Катя ничего не ответила.
– Поехали в парк Победы, – предложила Маша. – Покатаемся на лодке. Я буду грести. Я люблю грести.
– Лучше бродить парком, нежели душою, – сказала Катя.
В парке они взяли напрокат лодку. Катя уселась на корме. Федор на носу. А Маша с веслами, между ними. Невольно все замолчали, поддавшись очарованию уходящего дня. Федор вспомнил вдруг тот золотой день, когда они всей семьей скользили в лодке куда-то вдаль, туда, где, казалось, нет никакой пристани. Ее там и не оказалось…
Дрейк обратил внимание, что на стволе старого дерева растут побеги. И кажется, что это не побеги растут, а старое дерево убегает от самого себя, от своей старости. «Вот ведь оно нашло выход», – подумал он.
– Жить бы вон в том доме, – нарушила молчание Маша. – Можно было бы завести собаку и выводить ее на прогулку в этот парк…

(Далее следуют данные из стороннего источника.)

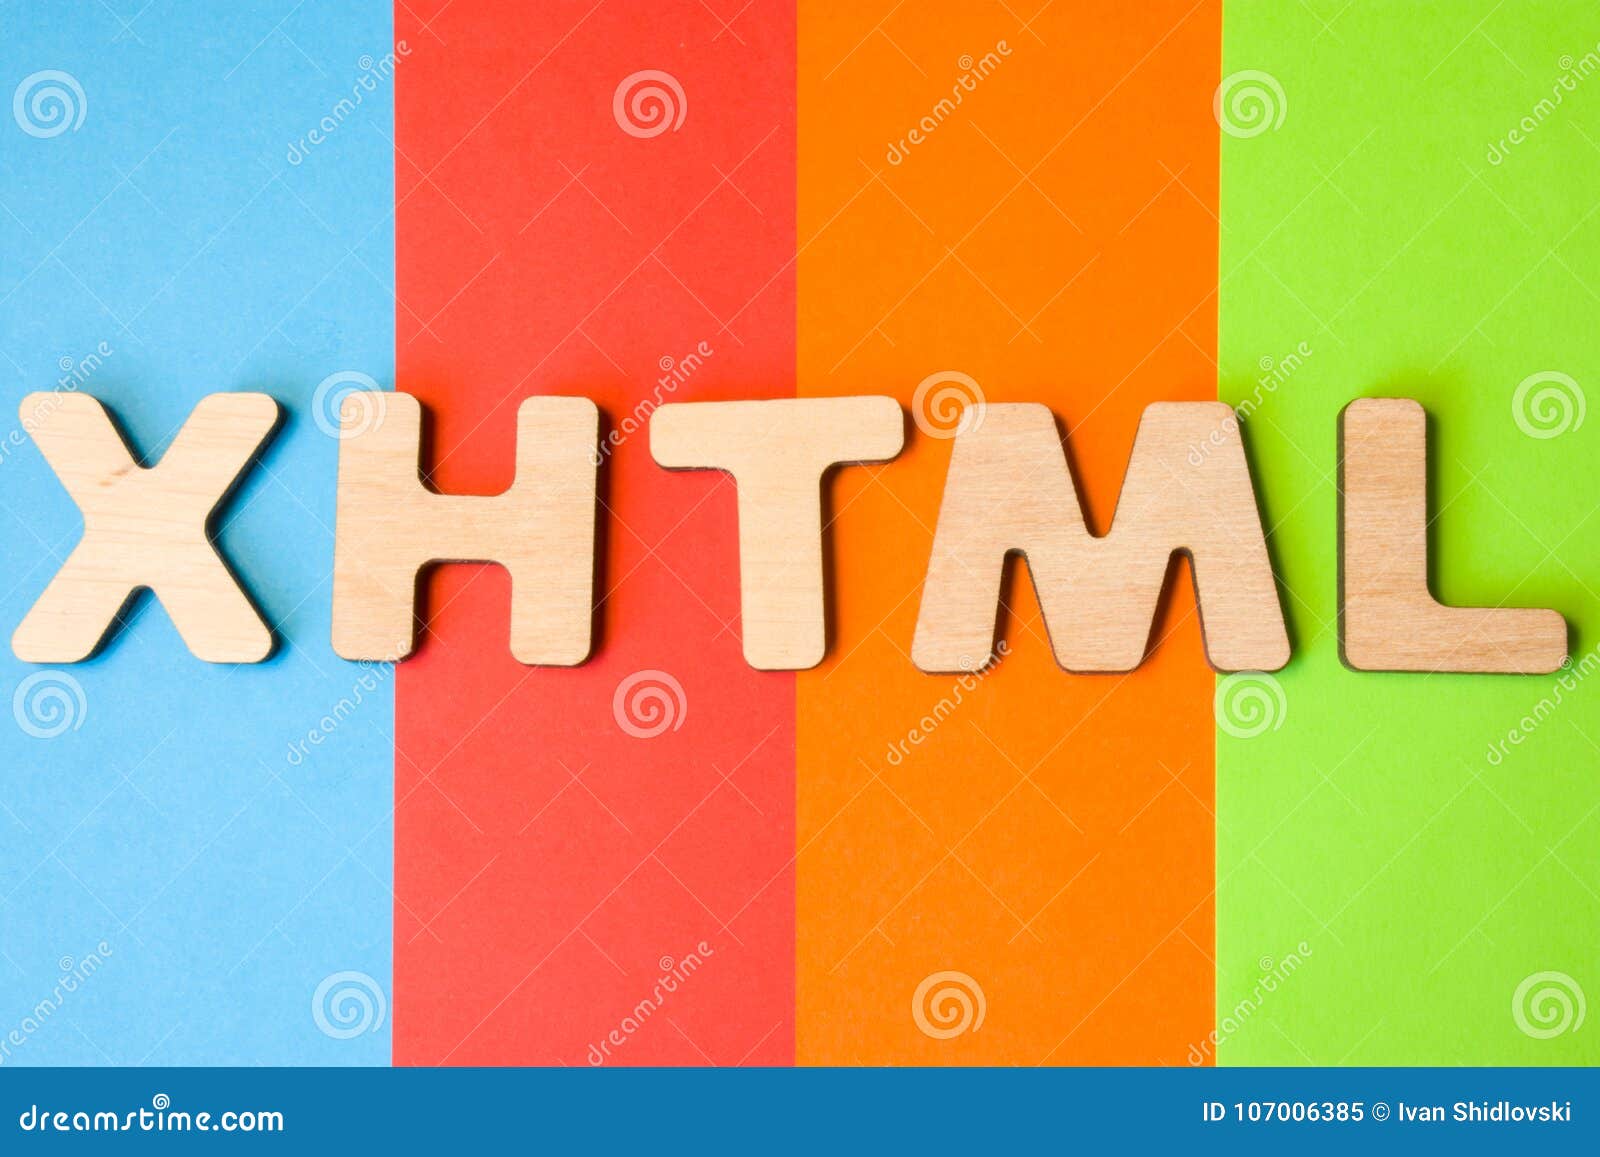 Nếu bạn đang tìm hiểu về XHTML hoặc viết tắt, ý nghĩa Đánh dấu siêu văn bản mở rộng, hãy xem hình ảnh mà chúng tôi chia sẻ. Bạn sẽ nhận được nhiều thông tin hữu ích và cập nhật về xu hướng công nghệ mới.

– Вы любите собак? – оживилась Катя. – А я не могу с ними.
– А чего с ними мочь? – грубовато спросил Федор.
– Не получается у меня с ними. Они требуют много времени, усиленного к себе внимания.
– Они ничего не требуют, – сказал Федор. – Их просто надо любить.
– Просто любить – это, наверное, самое сложное, – задумчиво сказала Катя. – А знаете что, пойдем ко мне домой! Чайком побалуемся. У меня прекрасное варенье из айвы и сухарики с орехами и изюмом. Хрустят! Мой рецепт. У вас никаких планов? – обратилась она к Маше.
Федор подумал, что возвышенное чувство может, как спящая царевна, пролежать полвека и ничуть не состариться, так как оно никому не было нужно. И, без всякой связи с этим, он вдруг понял, чего не хватало ему много лет: ему не хватало человека, с которым можно было бы уютно молчать. Как молчал он с Машей в летнем кафе. Как они молчали все четверть часа на лодке. Эти пятнадцать минут сделали меня мудрее на пятнадцать веков, подумал Дрейк. Но они не искоренили до конца мою глупость.
– Катя, ты…
– Вспоминала, Федя.
– Долго жила с ним?
– «Долго» не получилось ни с кем. Дело, наверное, в том, что у меня, как у всякой женщины, обостренное чувство пространства, а у мужчин, с которыми меня сводила судьба, наоборот, было обостренное чувство времени. Эти два чувства невозможно было состыковать.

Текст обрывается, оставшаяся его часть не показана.